Your instructions =
Given the material below, output exactly the lines from the line with "Cotswold cottages en" to the line with "Mehr auf www.silver-catch.", both ends included, and no other lines.

Source data =
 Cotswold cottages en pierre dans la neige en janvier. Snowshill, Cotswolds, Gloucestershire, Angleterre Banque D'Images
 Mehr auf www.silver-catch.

* * *

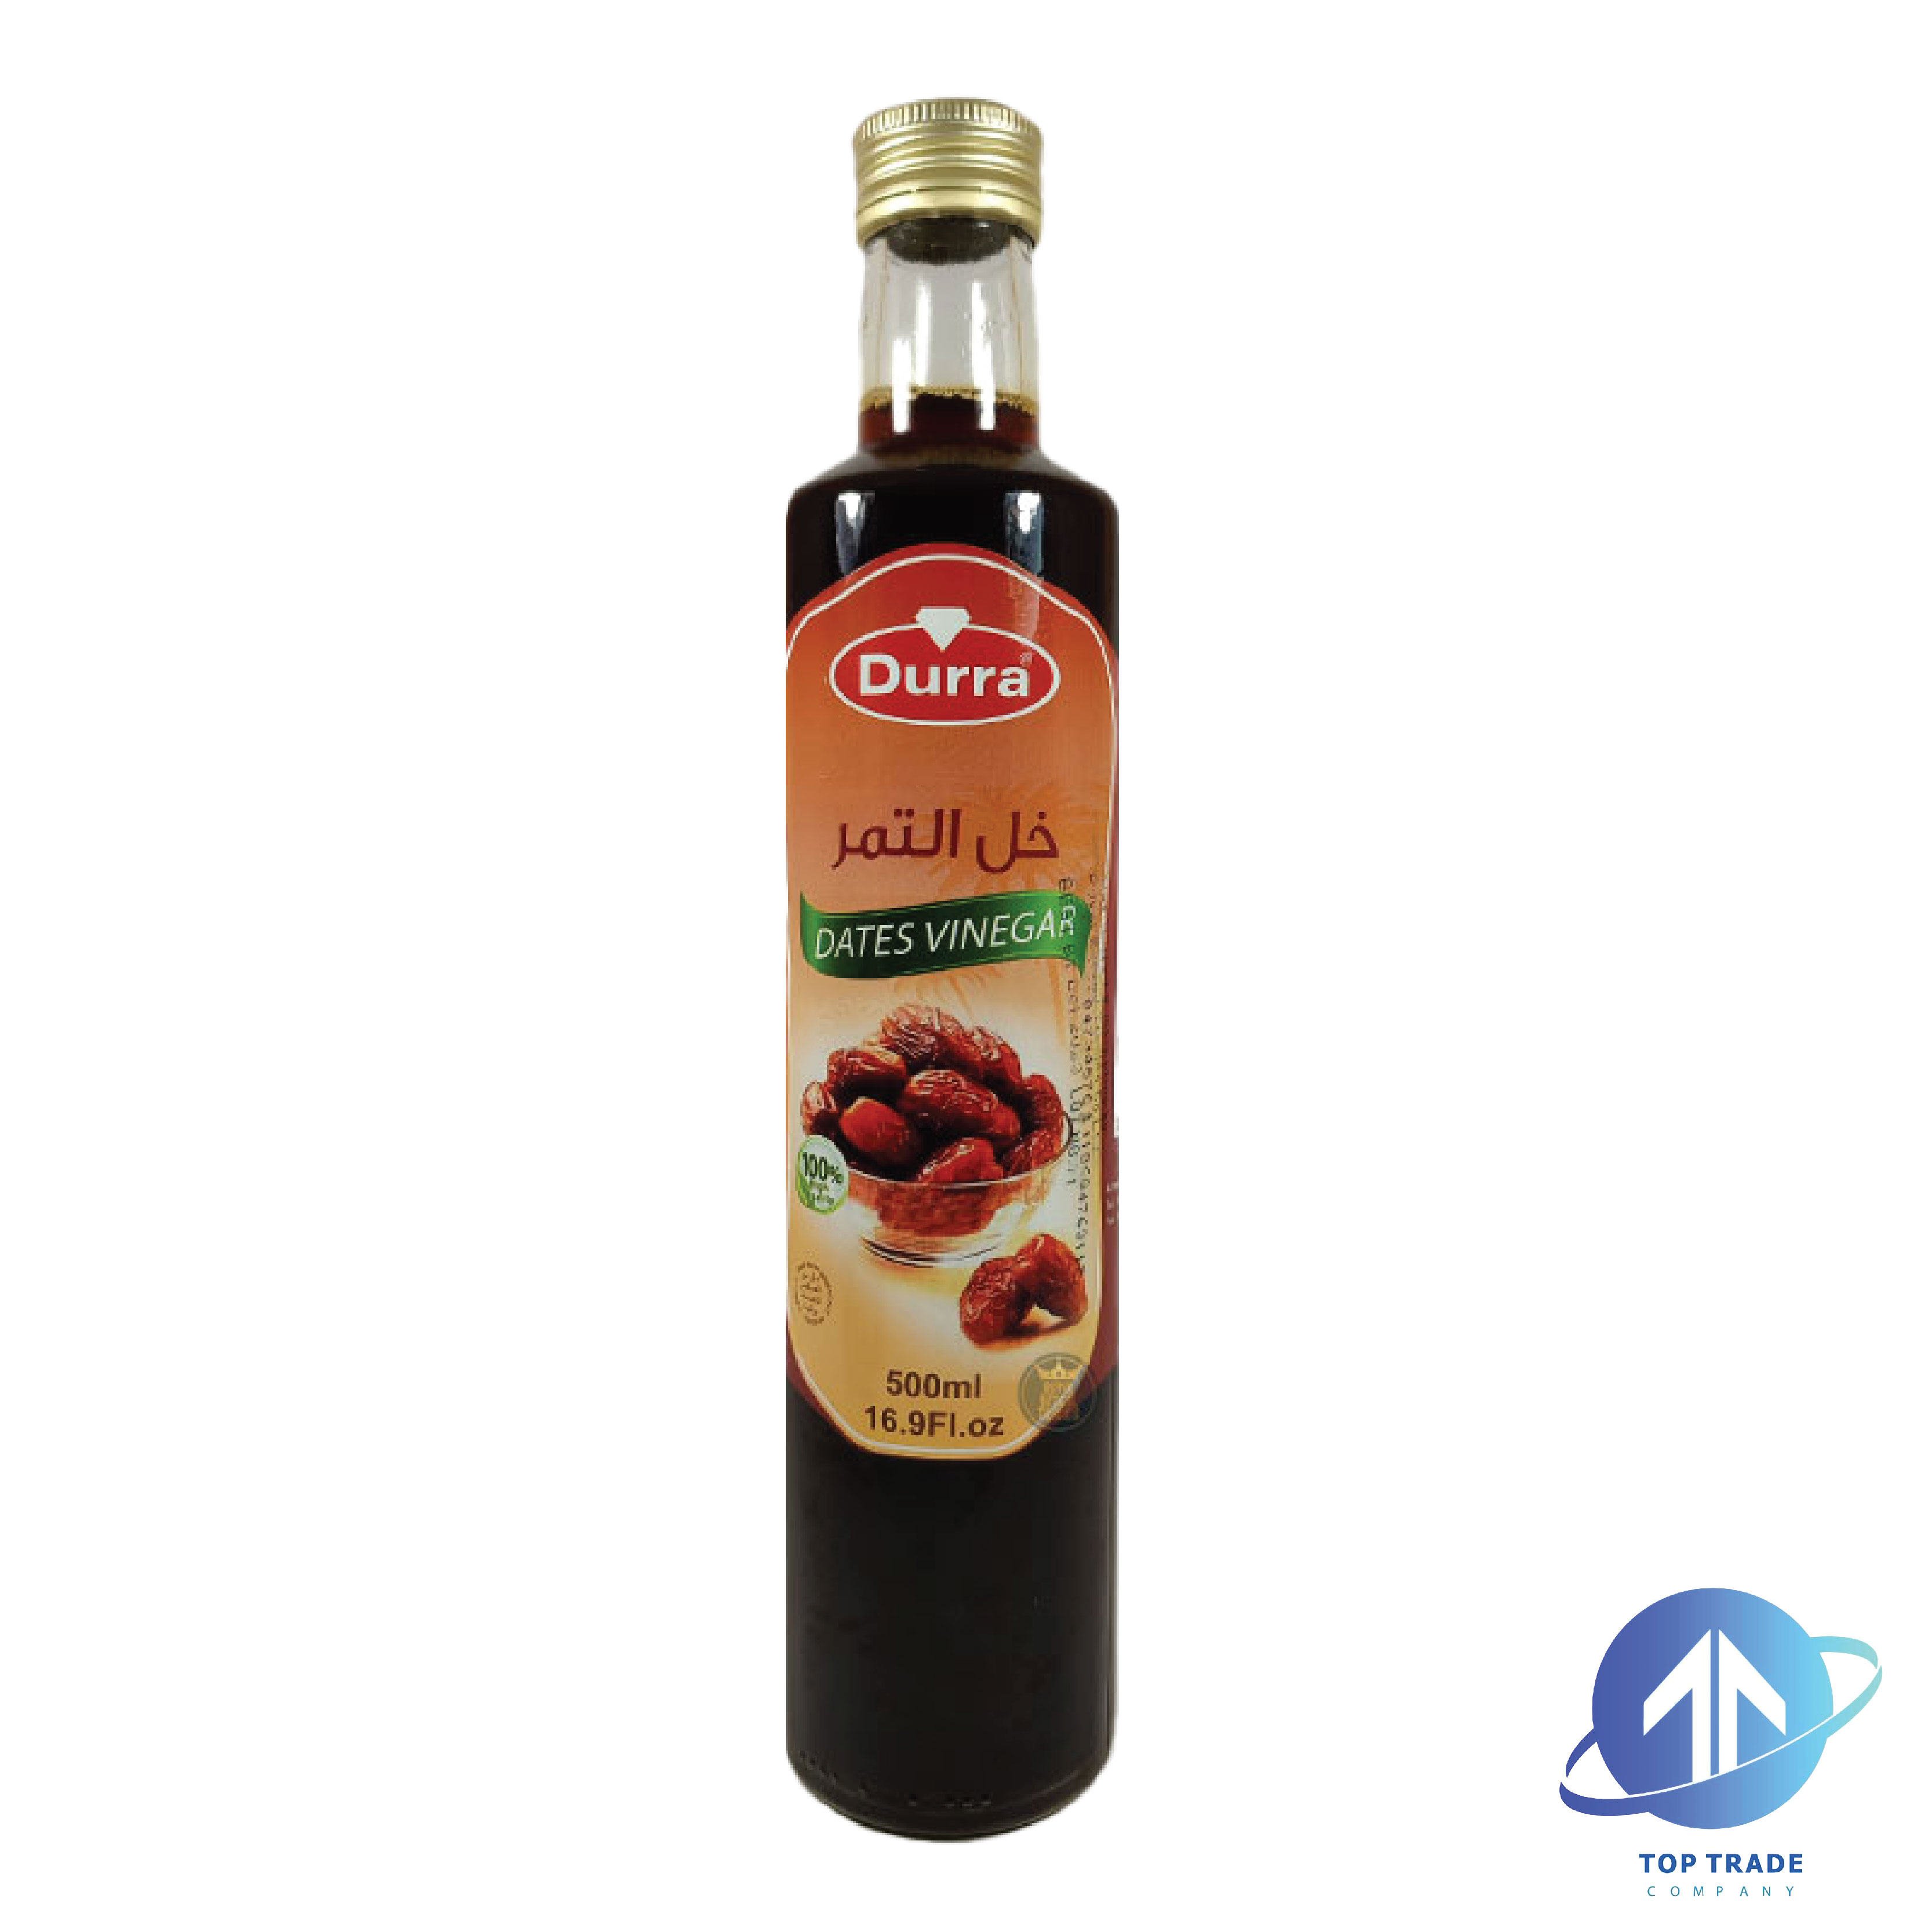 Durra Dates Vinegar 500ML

Answer area =
 Cotswold cottages en pierre dans la neige en janvier. Snowshill, Cotswolds, Gloucestershire, Angleterre Banque D'Images
 Mehr auf www.silver-catch.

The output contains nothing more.